1. Fallacy of quoting out of context. “You didn’t built THAT” is the best example of this logical fallacy I’ve seen in many years. Of course, what President Obama was referring to was that one individual, or even several individuals, didn’t build – indeed, couldn’t possibly build – the U.S. education system, our roads and bridges and railroads, our military, our first responder systems, our power grids, our financial system, etc, etc. In the “you didn’t build that” case, Obama’s meaning was 100% obvious from the context of what he was saying, and only a willful quoting out of context could possibly twist it into anything else. Romney et al. managed to do it, though. Ugh.
2. Appeal to fear (“a specific type of appeal to emotion where an argument is made by increasing fear and prejudice towards the opposing side”). I probably should have put this one first, because it’s been behind many if not most Romney and Republican attacks on President Obama since 2008. Thus, somehow a guy who’s essentially a Dwight Eisenhower Republican in many ways is transformed into a “socialist,” “communist,” “Kenyan anti-colonialist,” “redistributionist,” “Muslim” (as if there’s something wrong with that anyway), blah blah blah. Yes, it’s all a disgusting appeal to the worst angels of our natures (fear, ignorance, bigotry, etc.), but Republicans are masters at this, and have been for years (remember the “Southern Strategy?” Lee Atwater? Jesse Helms? Willie Horton ads? Swift Boating?). And it tends to work.

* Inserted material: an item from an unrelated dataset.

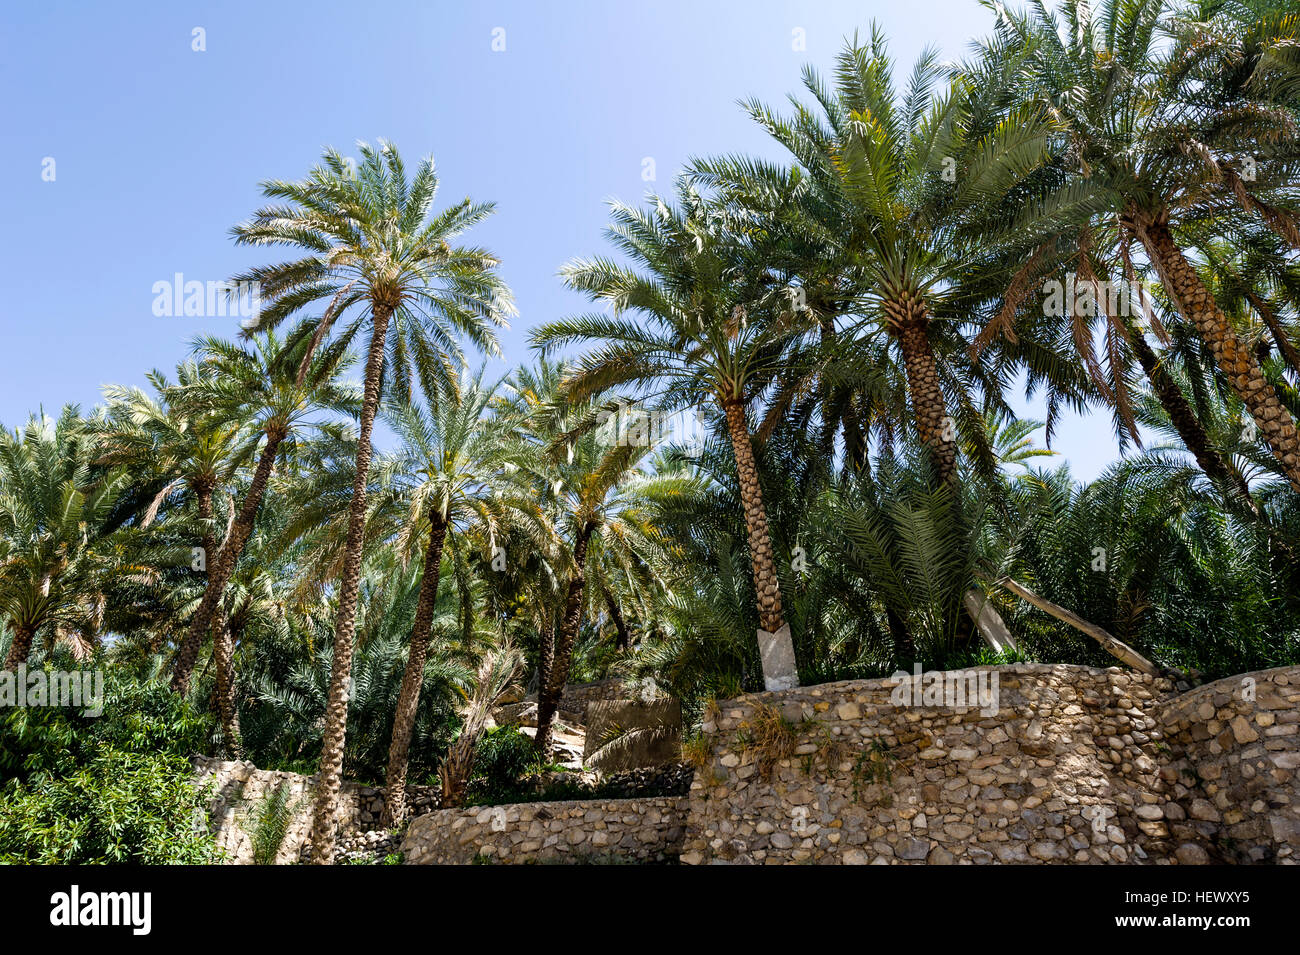 Palmiers poussent sur wlled jardins en terrasse près de la côte d'un wadi. Banque D'Images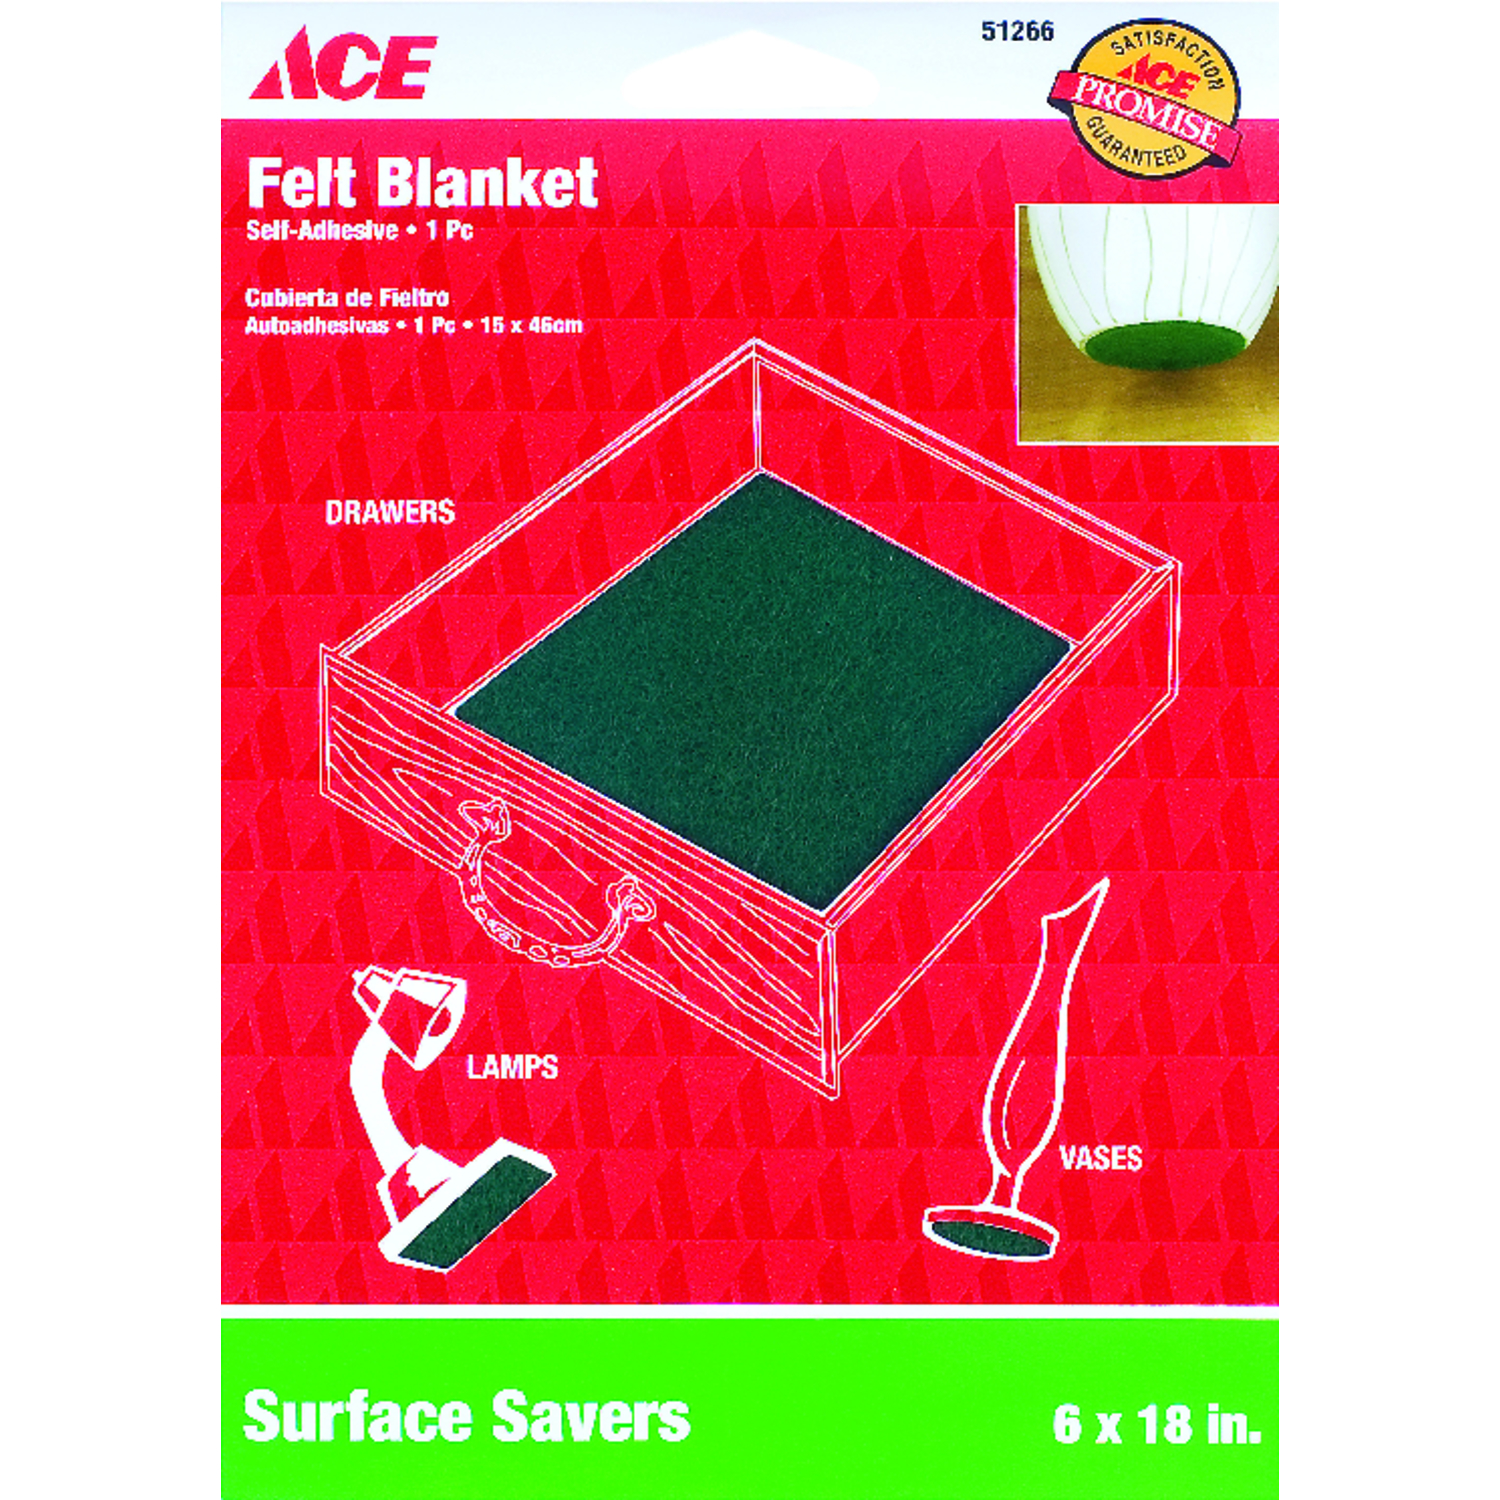 Green - 3mm thick felt sheet

3. Wishful thinking (“a specific type of appeal to emotion where a decision is made according to what might be pleasing to imagine, rather than according to evidence or reason”). This is another classic of Republicans, and certainly the Romney campaign. For instance, they claim that if we just remove “burdensome regulations” (there’s zero evidence that this supposed “burden” has increased under President Obama, of course) and cut taxes on the wealthiest Americans (“supply side”/”trickle down” economics), then happy days will be here again. There’s no evidence for any of this, of course, and tons of evidence against it, but in Republican la-la land, wishing apparently DOES make it so. In their own minds, that is.
4. Post hoc ergo propter hoc (“after this, therefore because of this”). There are many examples of this, but perhaps the biggest one used by Romney and Company is that the economy’s not very good right now, ergo the guy currently sitting in the White House is not just to blame, but apparently 100% to blame. This one is so absurd it should just be laughed at. In reality, the recession started in December 2007, over a year before Barack Obama took office. Also, the Wall Street and housing bubble busts occurred…wait for it…yes, when George W. Bush, NOT Barack Obama, was president. And, of course, the U.S. economy has added private sector jobs for 29 straight months now, compared to losses of around 800,000 a month towards the end of the Bush presidency, with the unemployment rate down almost 2 percentage points from its peak (a few months after Obama took office; remember, it takes time to turn a gigantic supertanker like the U.S. economy around; Romney himself basically argued this). Yet, somehow, Republicans twist this all to say “the economy’s bad, ergo the guy currently sitting in the White House is 100% responsible for causing it.” Crazy, yet when people are hurting, they sometimes are willing to believe things that make no sense whatsoever.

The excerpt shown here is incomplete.